Es posible que muchas personas que aparecen en el documental no hayan sido nunca feministas militantes, y sin embargo han salido a protestar contra una ley que quiere reducir la mujer a un sujeto irresponsable, a mera propiedad del Estado. Saliendo a la calle, estas personas hacen ver que militar en la lucha feminista no tiene necesariamente que ver con pertenecer a un club, sino con luchar por que el mundo cambie en un sentido con el que probablemente siempre antes habían estado de acuerdo.

Este es el gran triunfo del tren de la libertad, y también del 15M: hacer que una lucha social arraigue en el sentido común de la gente, no a través de una vanguardia concienciando las masas, sino desde el descubrimiento de nuestro propio poder para producir cambios, la potencia que todos guardamos dentro y que, por primera vez en mucho tiempo, vemos como motor real de cambio social.

Conversando después sobre la película, algunos amigos, sin embargo, reprochaban al film que se concentrase casi exclusivamente en el emocionante episodio de las protestas, marginando el debate, la reflexión o simplemente más espacio para detallar los pormenores de la ley.

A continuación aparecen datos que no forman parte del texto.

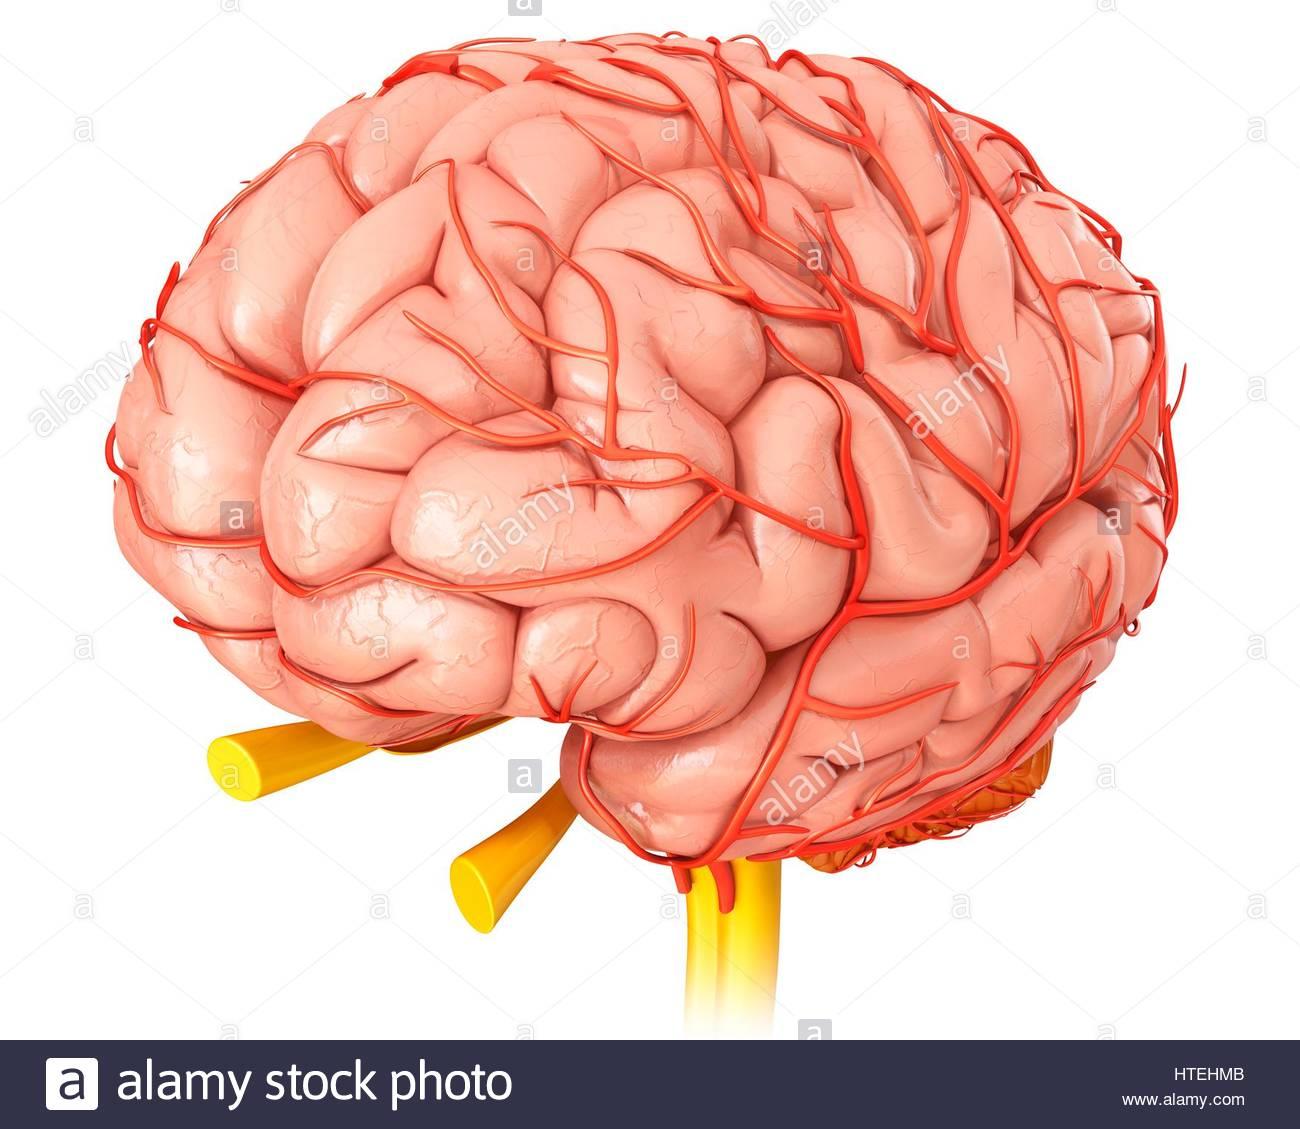 Darstellung der Anatomie des menschlichen Gehirns und seine Arterien ...

Es cierto que el montaje ha dado prioridad a la emotividad por encima de otras cosas que hubieran ayudado a los espectadores a formarse un juicio crítico, y en esto también se repiten errores que hemos visto en varios documentales sobre las acampadas del 15M. Quizás hubiera sido interesante, sobre todo para la gente de fuera de España, ahondar más en las relaciones de la iglesia con el Estado Español, reflejar el otro lado de la cuestión, entrevistar o discutir con antiabortistas, algo así. Pero está claro que el documental parte de una posición ya tomada, y que su objetivo no es enseñar este proceso desde todos sus ángulos como de lanzar una inyección de moral a las movilizaciones en un momento en que la resistencia contra esta ley no estaba en absoluto garantizada. En este sentido, creo que “El tren de la libertad” es una especie de arenga a este frente de la lucha, y hay que verlo así, desde un contexto, además, que afortunadamente cambió siquiera hace una semana. Una vez más la batalla no fue en vano. Ahora el Gobierno se ha visto obligado a parar el proyecto de ley, el ministro Gallardón a dimitir y el obispo de Alcalá de Henares a enrojecer de rabia. Como epílogo, este es, desde luego, difícil de mejorar.